Fourth, the plan document must require that the plan, and the plan must in fact, send to the participant all material received by the plan relating to the QDIA or a participant's investment in the QDIA, presumably within a reasonable time. This one is potentially a problem, because of the vagueness of the word "material." All we know is that it includes account statements, any prospectus and voting proxy materials; we do not know if it includes e-mails from brokers, periodic reports by TPAs, Morningstar or other similar items, or even the contents of phone calls (unless we assume that the received "material" has to be material). You can safely bet that lawyers will be asking, sooner or later, for everything anybody involved with the plan receives from anybody any time. This requirement is not contained in the PPA, and so the ambiguity is a gratuitous part of a gratuitous requirement. In addition, since the IRS takes the position that failure to administer a plan in compliance with its terms is a qualification issue, it has the effect of adding the IRS as an enforcer of fiduciary duties in this context.

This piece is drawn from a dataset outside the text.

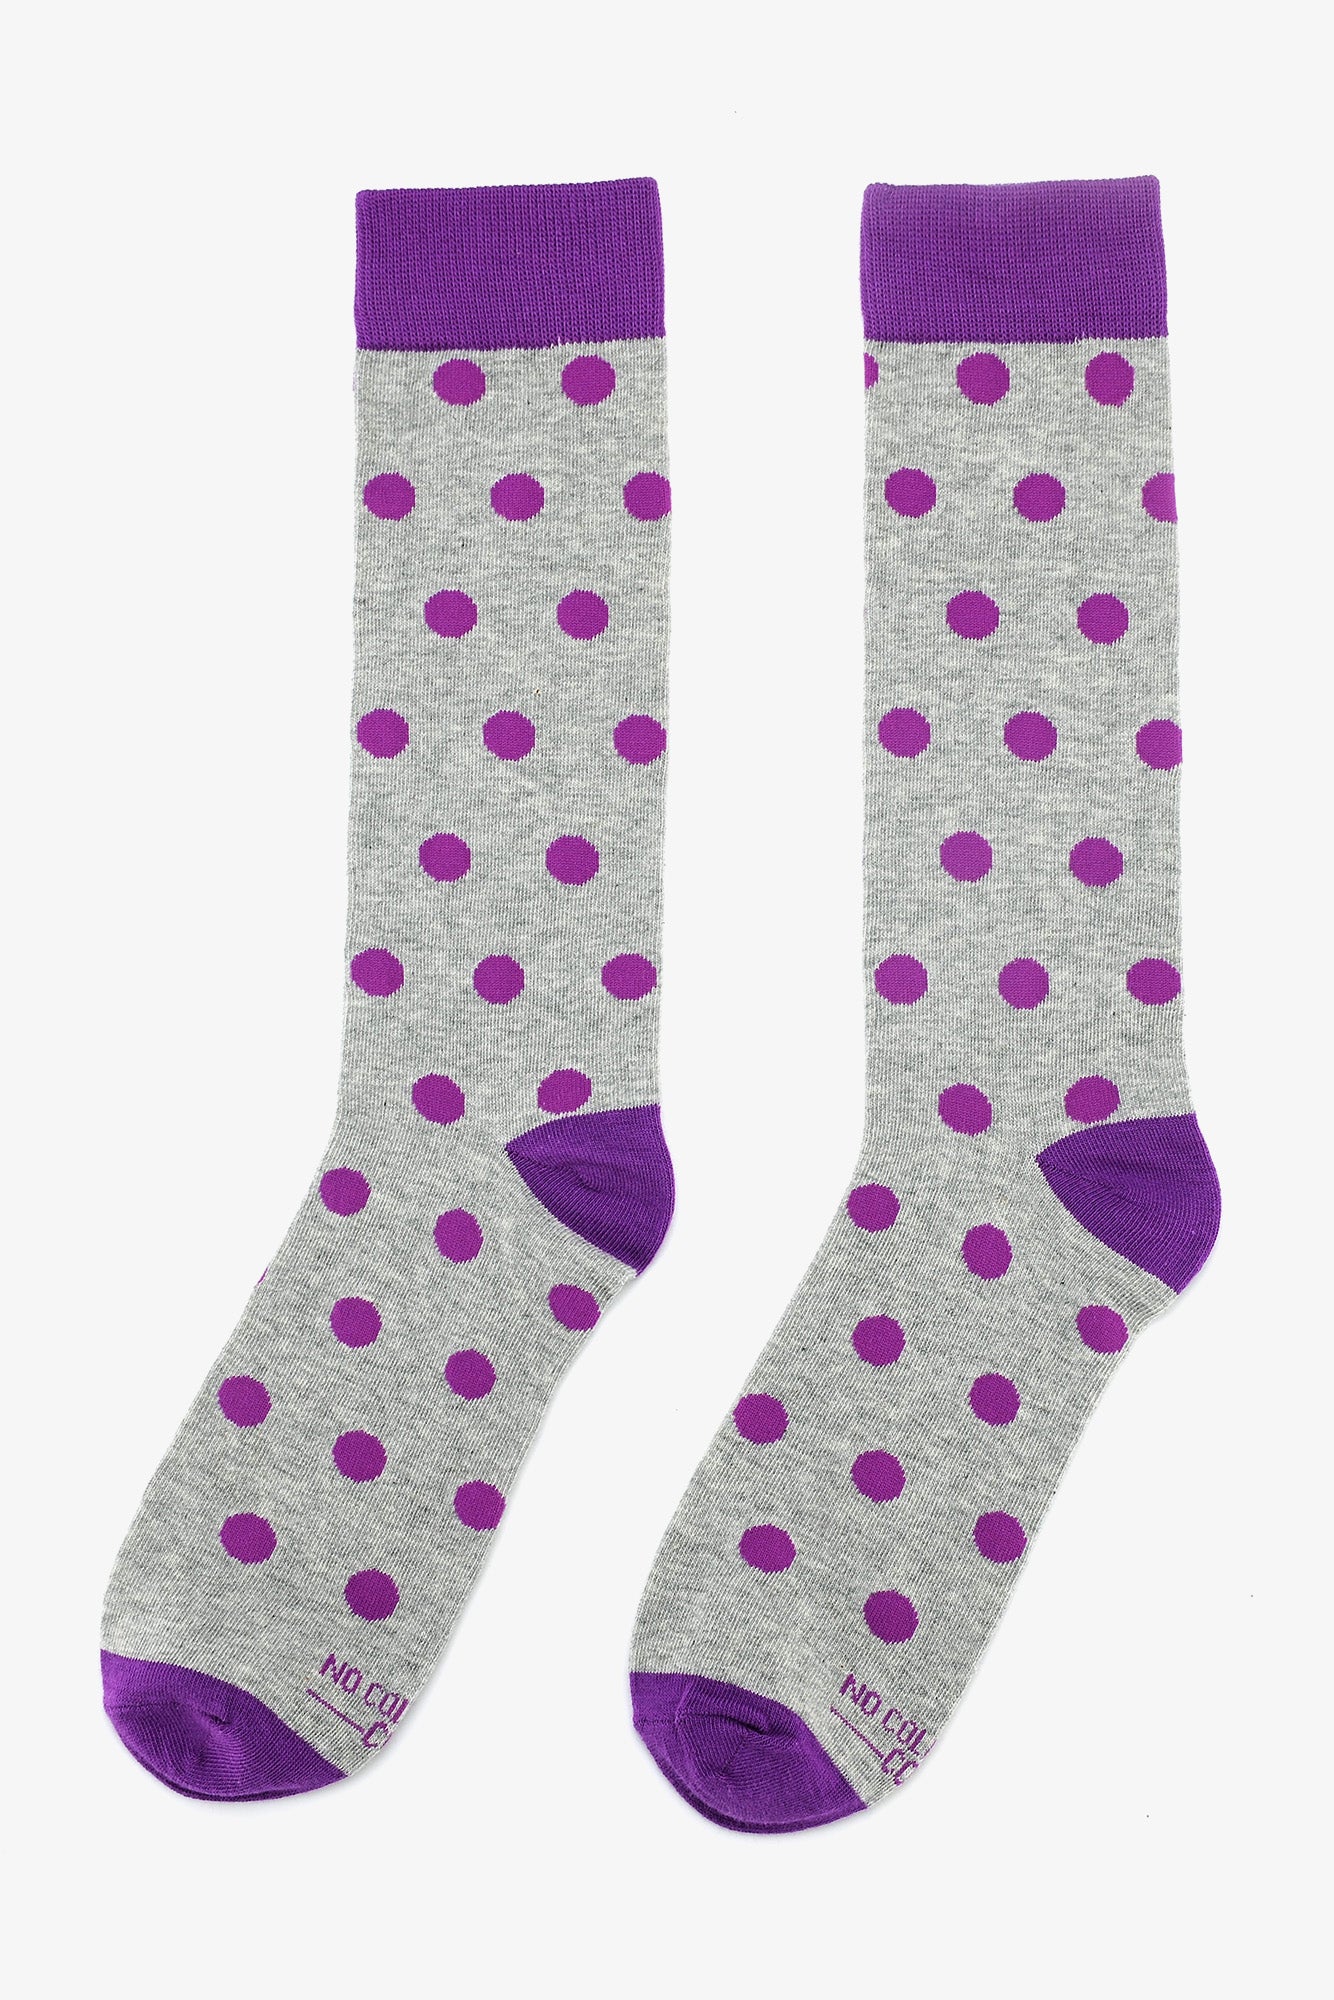 Polka Dot Groomsmen Socks By No Cold Feet - Purple

The last requirement is that the plan offer investments, including the QDIA, which meet the requirements of ERISA 404(c). Since QDIA status only matters as a fix to a hole in the 404(c) regulations, this is wholly unnecessary.

1 comment:

  1. I've got to respectfully disagree with Mr. Geer's opinion on a number of issues.

    First, I don't see the current 404(c) regulations as being overly complex, given the issues they deal with.

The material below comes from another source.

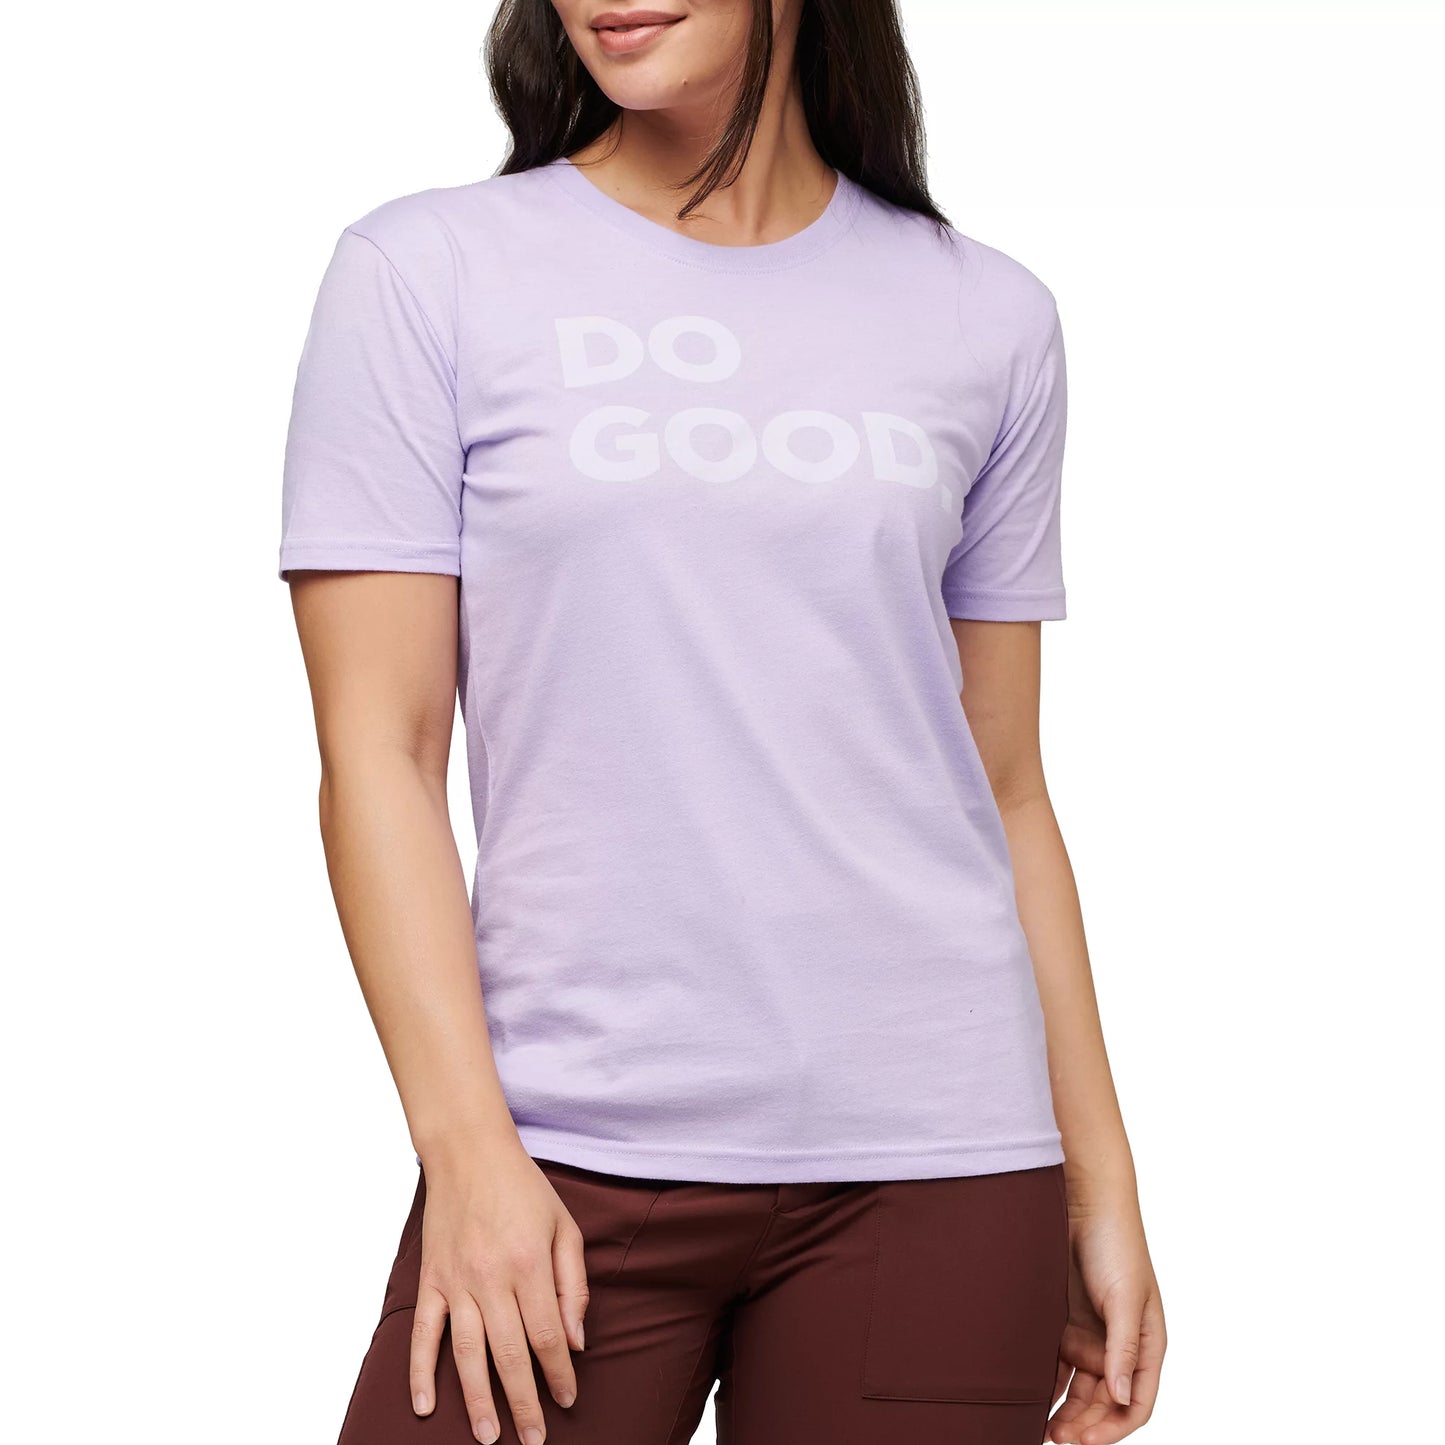 Cotopaxi: Women's Do Good T-Shirt

    Second, it's not at all clear that a decision not direct investments after having received notice of the default investment should be treated as an election of the default investment. It's easy to argue that one either way, but I would come down on the DOL side.

    A balanced fund is not something that is necessarily appropriate in all cases. The appropriate default investment should be determined on the basis of the stated purpose and design of the plan. The DOL and Mr. Geer seem to assume that DC plans are necessarily retirement plans, but it you look at the design and operation of most of them, that's not so. The DOL may say that in choosing the life-cycle or balanced fund you do have to take into account the purpose and design of the plan, but without expressly stating that proposition, and explaining why then in certain cases "safe funds" aren't given a free ride, I don't think people are going to pick up on that.

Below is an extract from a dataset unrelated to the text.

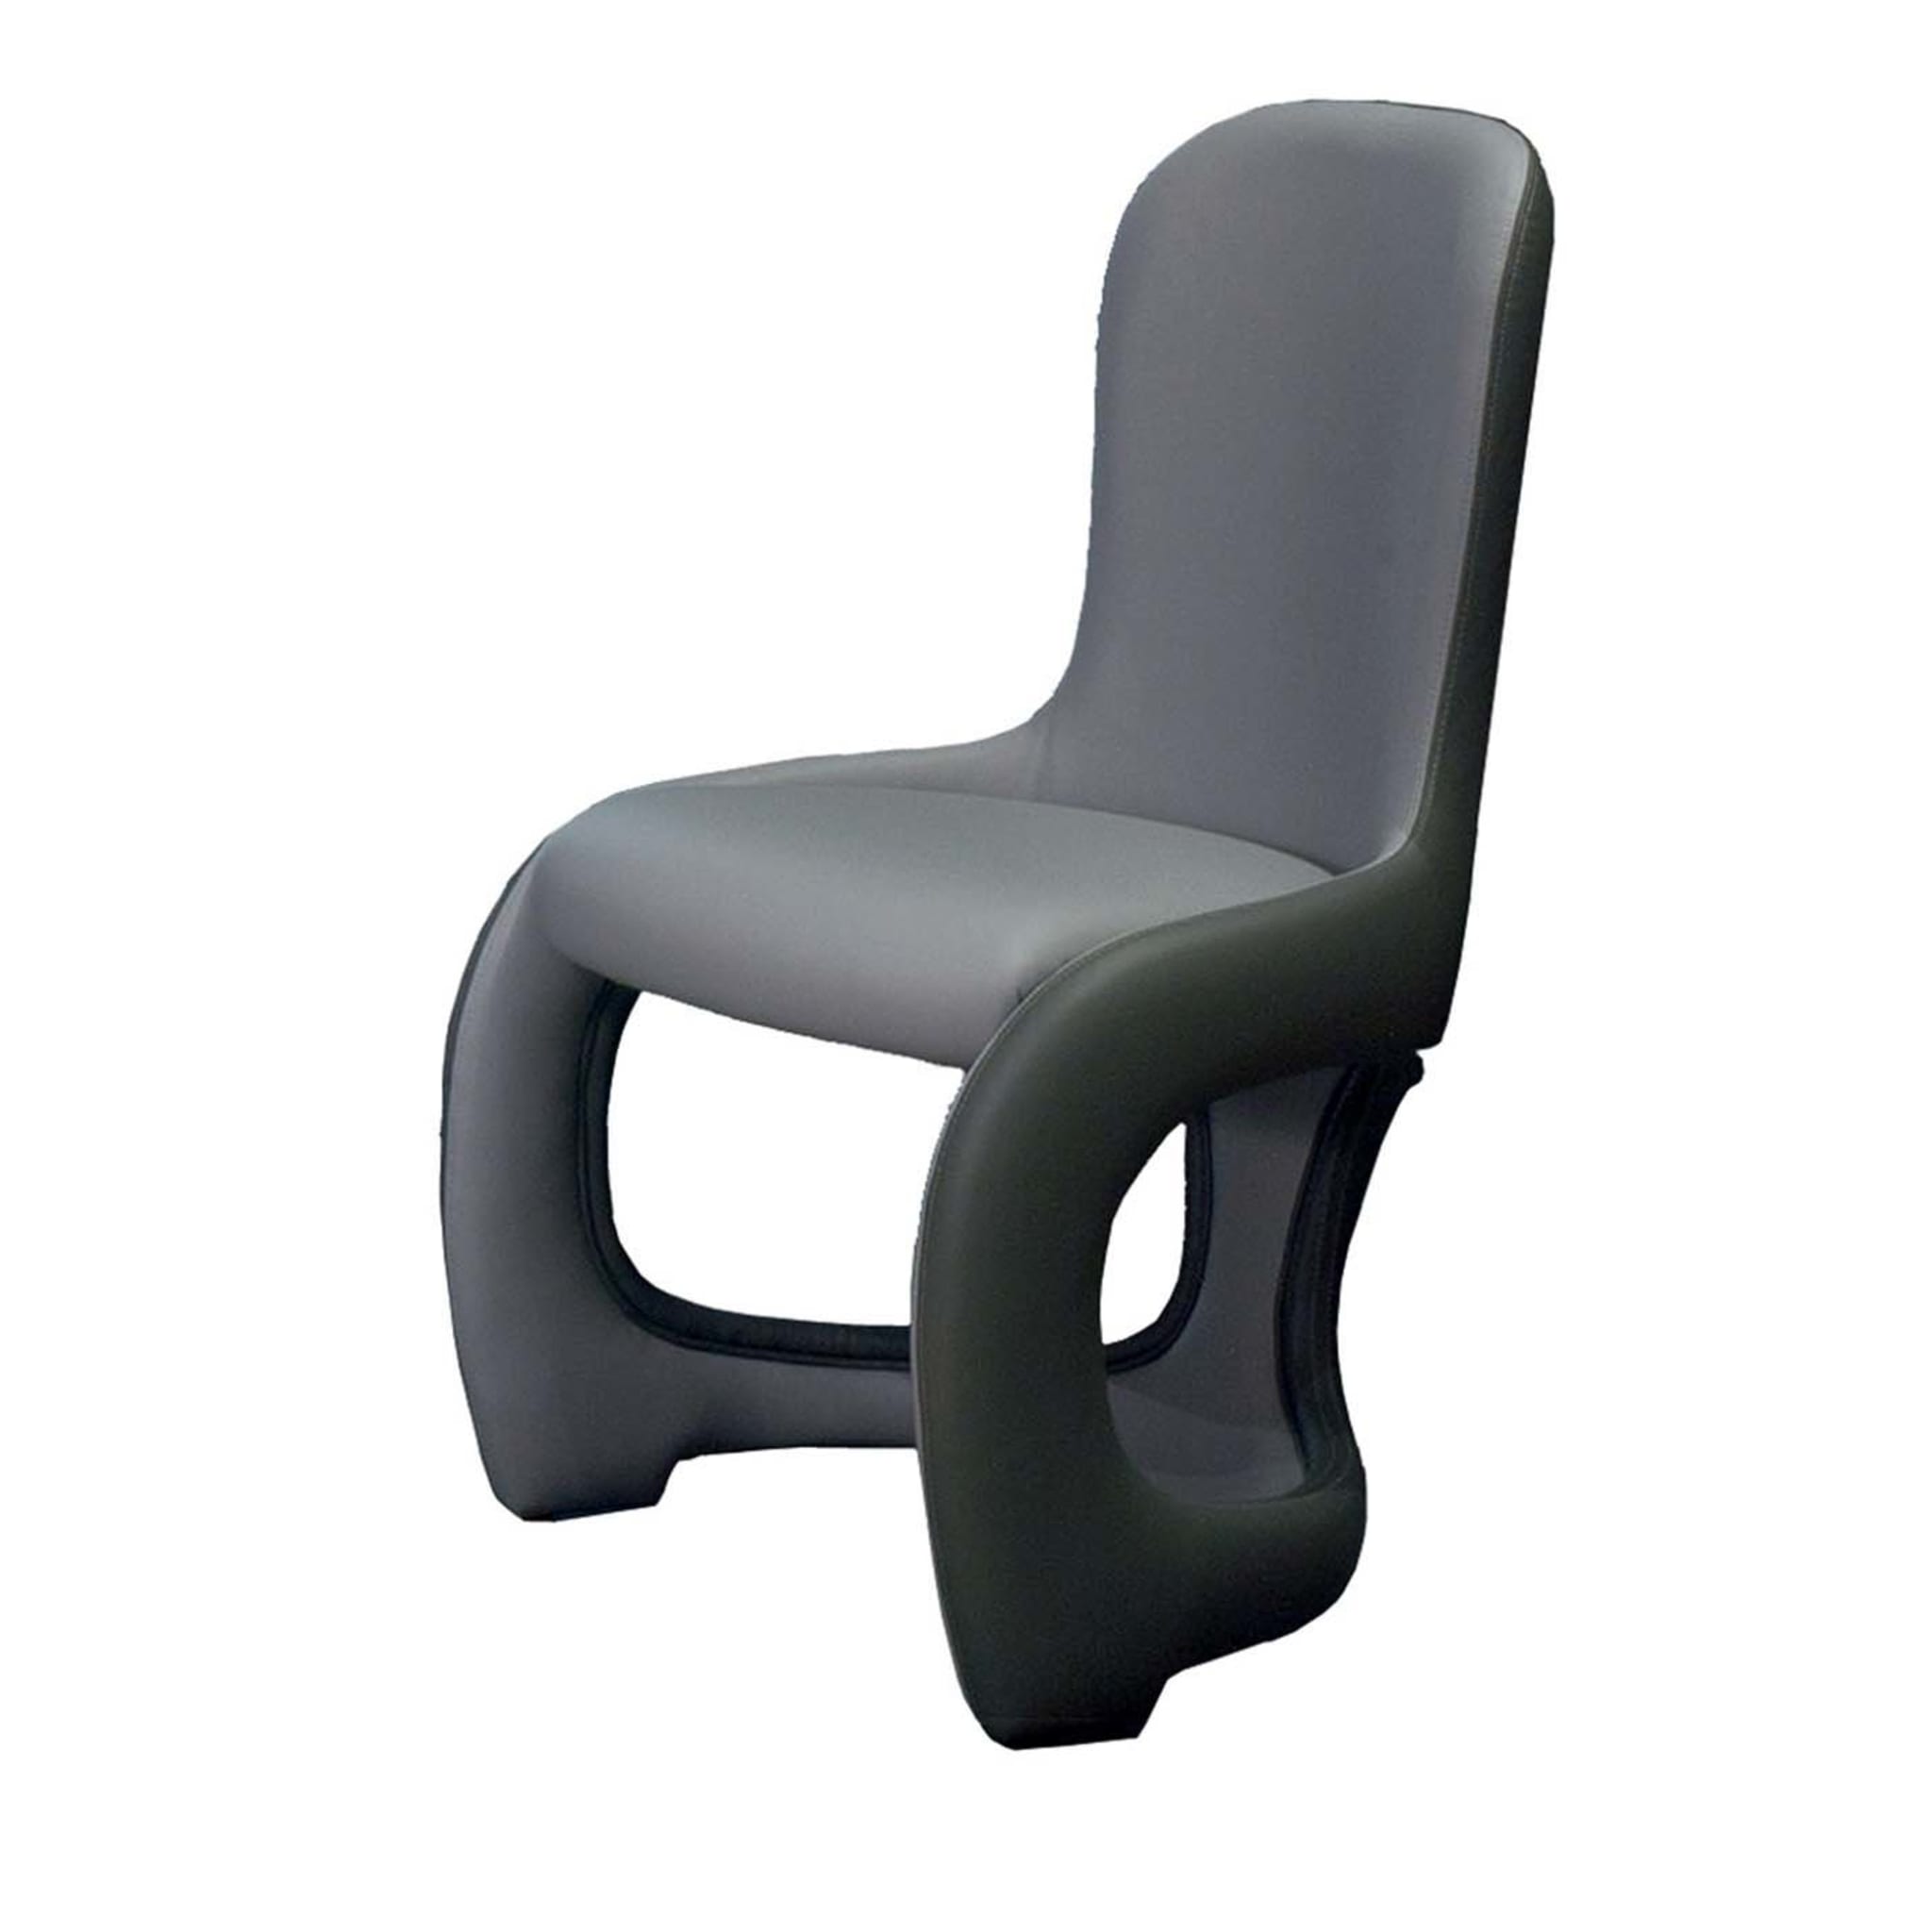 Venere Gray Padded Chair - Main view

    Beyond that, a difficulty in using a balanced fund as as a QDIA is that the DOL tells you in the preamble you've got to look at plan demographics as a whole (without telling us which demographic factors should be considered). At this point I doubt there are accepted models for this kind of plan-as-a-whole demographic analysis.

    With regard to the "forwarding material" requirement, the problem is not so much that you won't know what material to forward, but rather that administrative systems aren't in place and will never be put in place to satisfy this rule, since they've never been put in place to satisfy the current 404(c) rules.

    Finally, the requirement that QDIA plans offer investment options meeting 404(c) rules is meaningful. There are plenty of plans that offer such options, but do not otherwise meet 404(c) requirements. These plans now have an opportunity to cover themselves on defaulters with a QDIA even though they haven't followed through on 404(c) by satisfying all of the 404(c) rules.